Posted by: JEB at May 18, 2005 04:11 PM | Permalink to this comment Permalink

Barry - is there anything that's not about the US?

I would have characterized Iran's interest in the matter as follows: a stable, legitimate & sovereign Iraq that seeks normalised relations with its neighbours and seeks to end the Baath era hostility that was so damaging to both Iraqis and Iranians. This is pretty much the situation as is. The reality is that there will be a broadening and deepening of relationships between Iran and Iraq on the political, commercial, cultural and personal level and in my view this is a good thing for regional stability and for the prospects for the people who actually live there. I'm sorry if you think it's bad for the US, but that's the genie the US has loosed - and it didn't take a genius to work out that this was bound to happen. Let's face it, it's not all about the US.

I'm sure they ain't shedding too many tears in Teheran over the US's problems in dealing with the insurgency - perhaps you think that the Iraqi govt./US military should invite the Iranian armed forces in to lend a hand? What other meaningful contributions could the Iranians make to assisting Iraqi stability? If anything, the Iranians seem to have worked very hard to keep the peaceful democratic political momentum going in the areas of Iraq where it has influence. Let's face it - the areas where the Iranians have on-the-ground influence are the most peaceful areas (it may also have something to do with the fact that US forces don't operate there and thus don't have the opportunity to alienate even more Iraqis). Frankly I think that you're playing the blame game to excuse the US's inability to mangage the political process and guarantee security in their sectors. Lay the blame where it belongs with Bush, Rumsfeld, Wolfowitz etc rather than trying to duck the responsibility and lay it someone else's door.

No-one in their right mind would suggest that we should return to the era of Franco-German hostility in Europe, yet you seem to think that the natural posture of the new Iraq should be to replicate US ( and Baath-era ) hostility to Iran.

Your characterization of Iran's policy as one of fomenting international terrorism is at best a caricature.
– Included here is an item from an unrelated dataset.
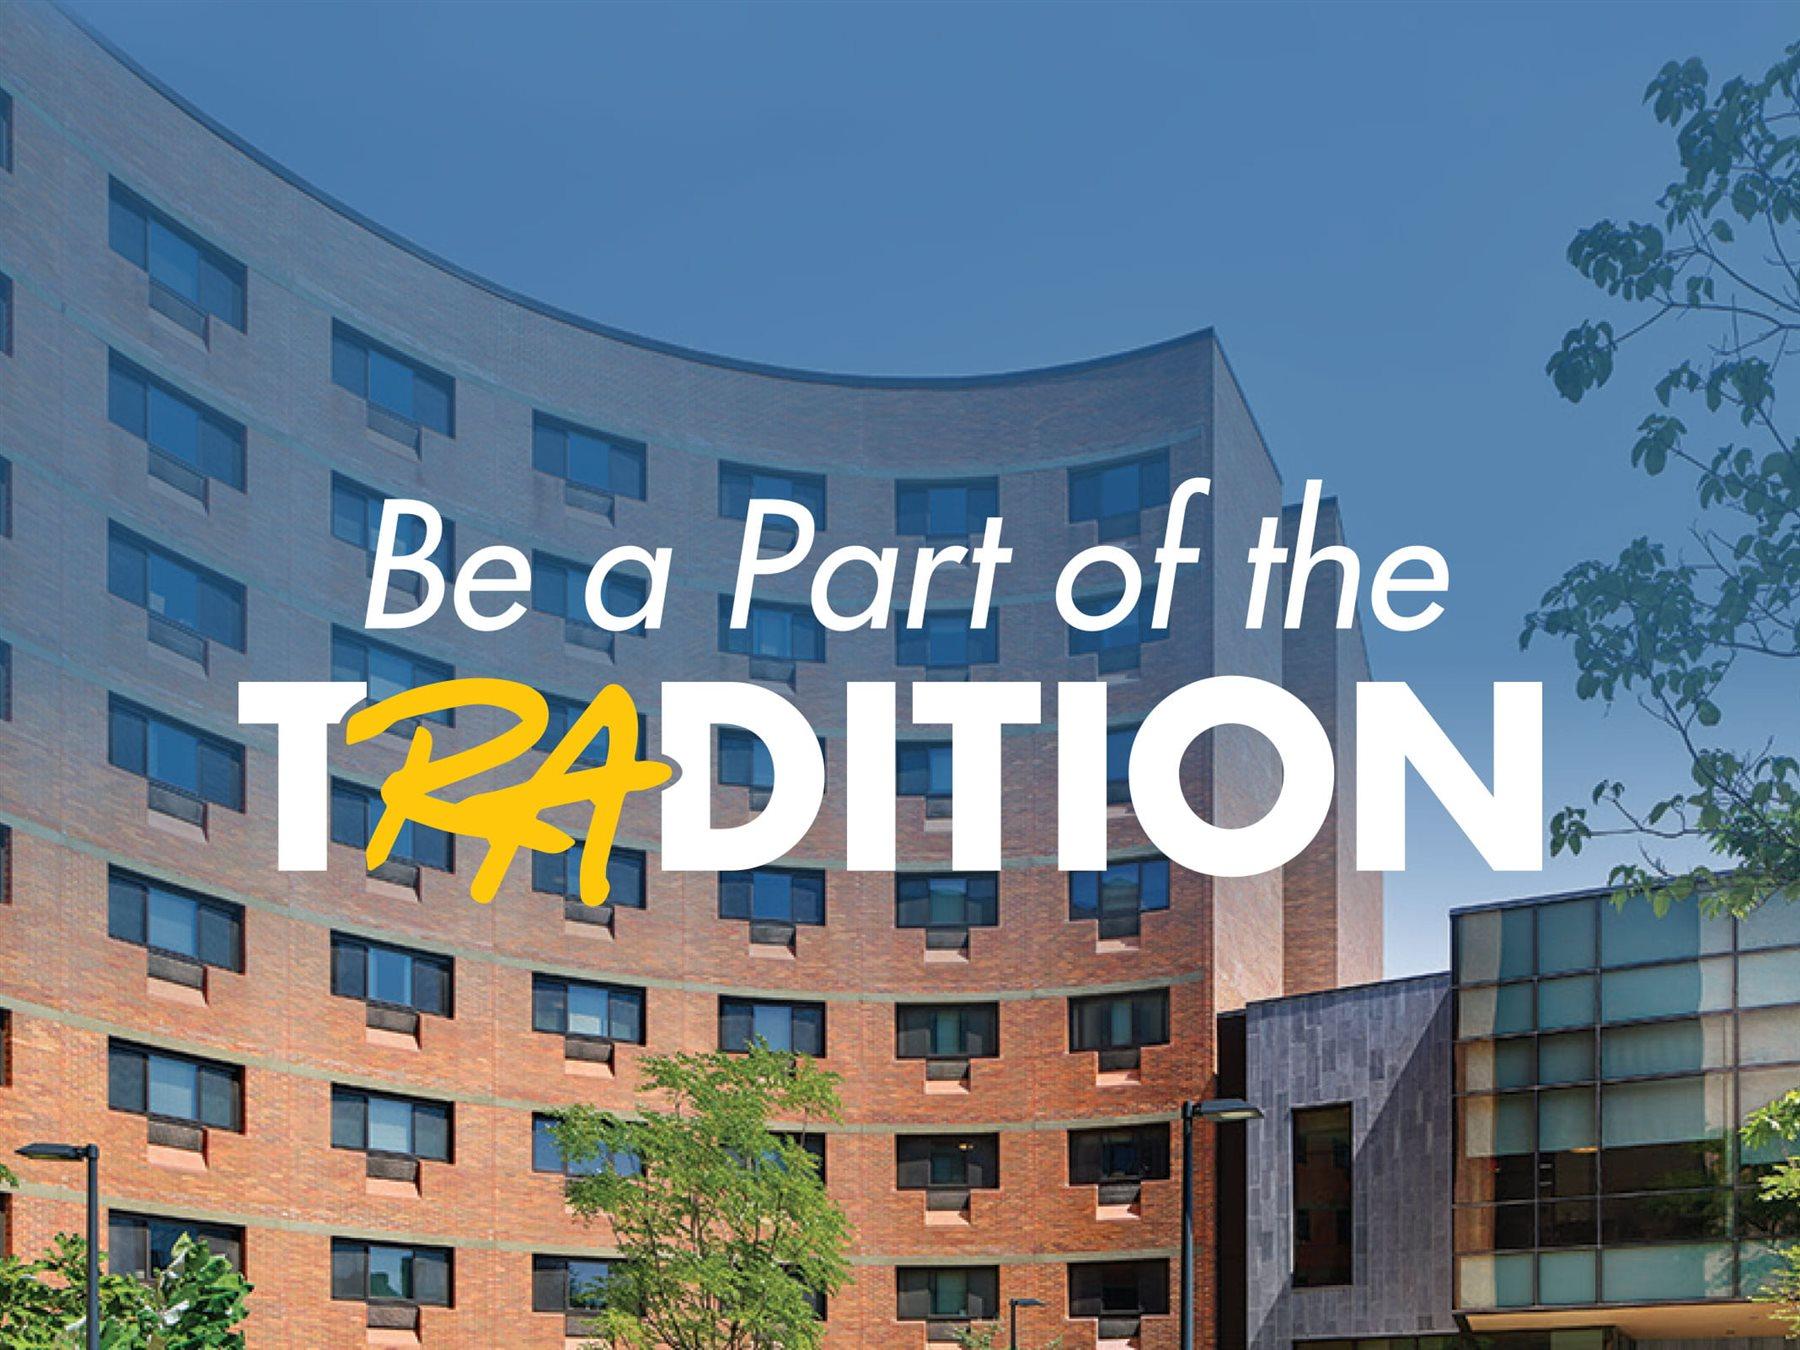 Resident Assistants – Be a part of the tradition
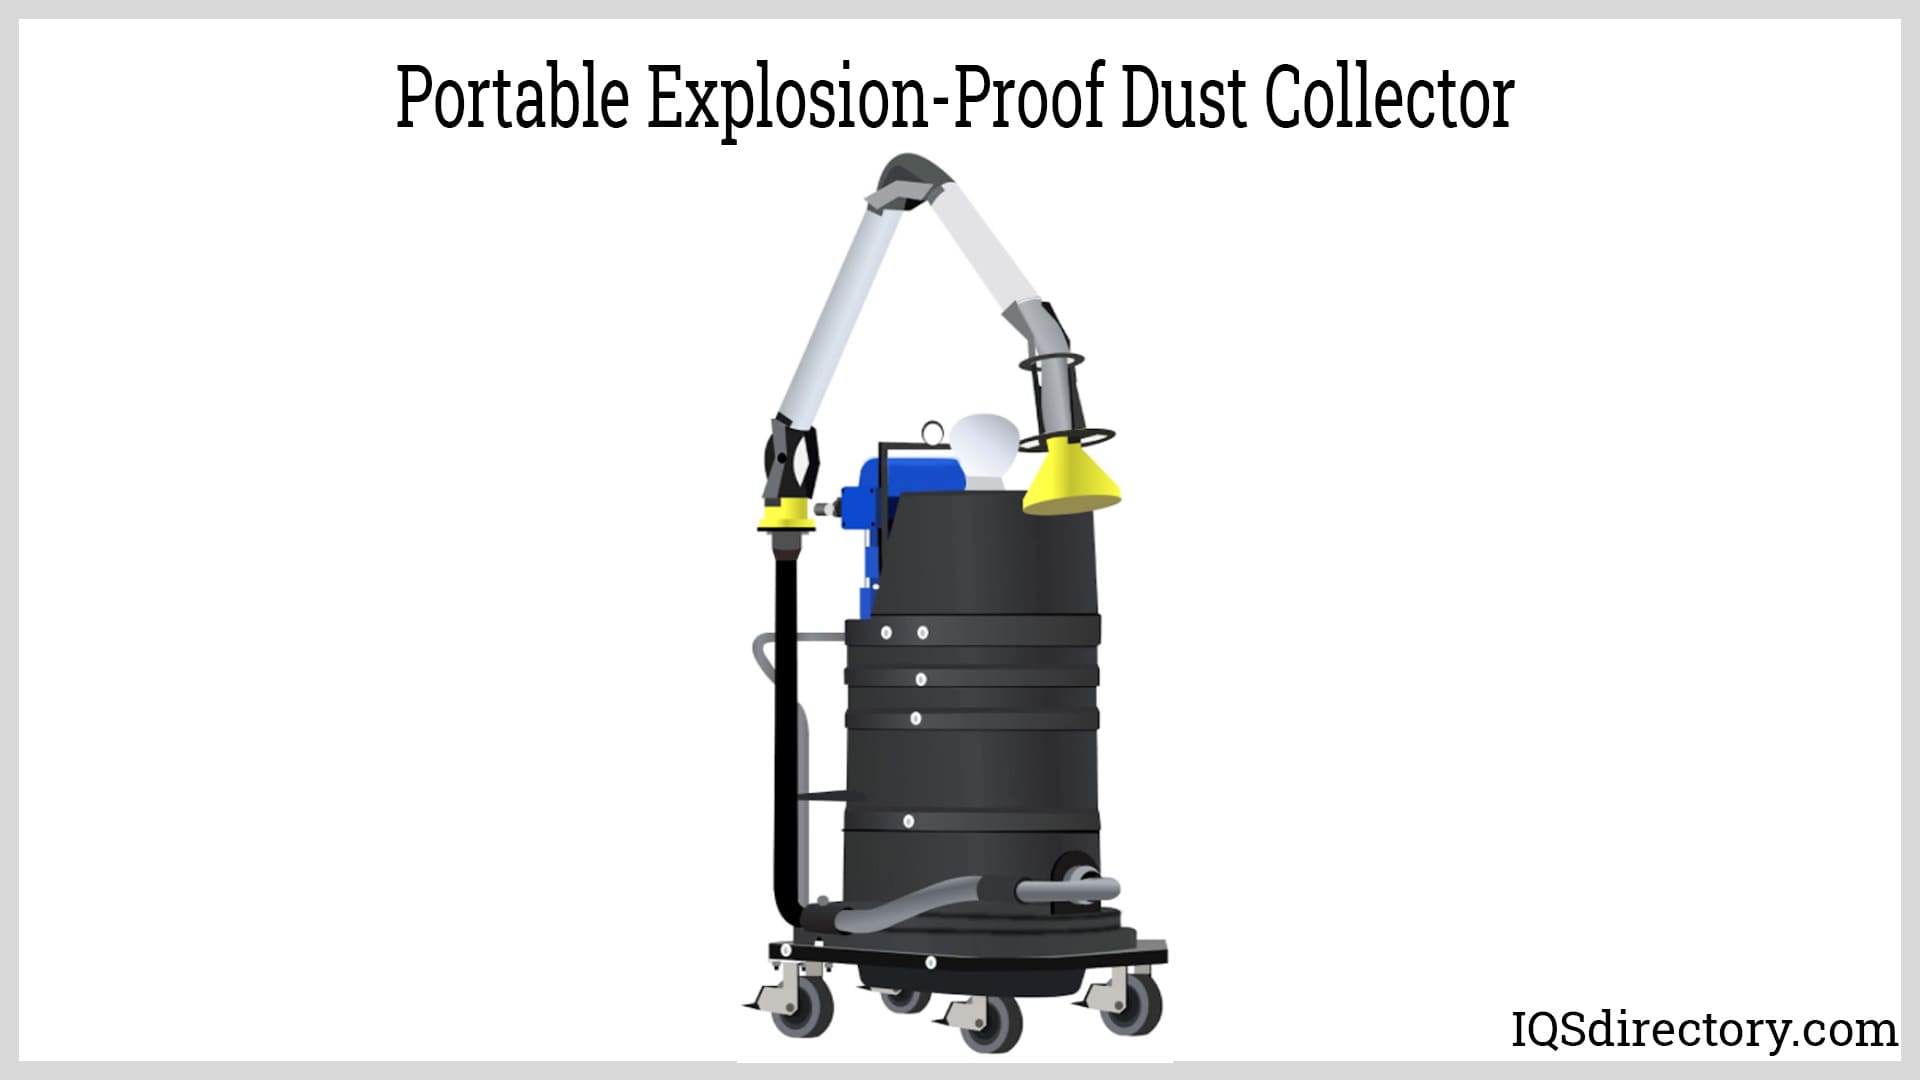 Portable Explosion-Proof Dust Collector

Iran's policies seem to be founded on 2 basic tenets: the preservation of Iran's territorial integrity and the preservation of its sovereignty. They gave up on exporting the revolution a long time ago and seem to be content to support what they would see as the legitimate rights of Palestinians and Lebanese to resist unwanted occupations.

Insofar as Iran may be developing/has developed a nuclear deterrent, it seems to be just that - a deterrent - to 2 hostile powers who have repeatedly attacked it, threatened it, aided and abetted those who have attacked it, and interfered with its internal political processes. The extortion comes from without, not within. As an aside, Iran doesn't actually require a nuclear option to threaten Israel. If it has the missile capacity it is reported to possess then it can easily hit Dimona and that's enough to cause a real existential problem for Israel.

The US's ongoing headaches are a result of its confused Iran policy and they are not going to end until they get with the programme and sit down and talk at both principal and head-of-state level. This is the best solution. It will also help in the further stabilization of Iraq as it would open the way for some serious tripartite or multilateral cooperation on the ground - why, for example shouldn't the Iranians connect up parts of Souther Iraq to their grid to assist in overcoming the chronic power supply problems in Iraq?

Posted by: dan at May 18, 2005 04:18 PM | Permalink to this comment Permalink

I think a point is being missed. It is Irans interests to have American troops tied up anywhere, to preclude their use in Iran.

Also, how far can America go in "managing" the political process in Iraq, before charges of the Iraqi government being the puppet of America are brought to bear.

The Iraqis have to learn how to manage THEIR political process. We can only guide them so far in doing that, as we've yet to learn how to perfectly manage our own political process.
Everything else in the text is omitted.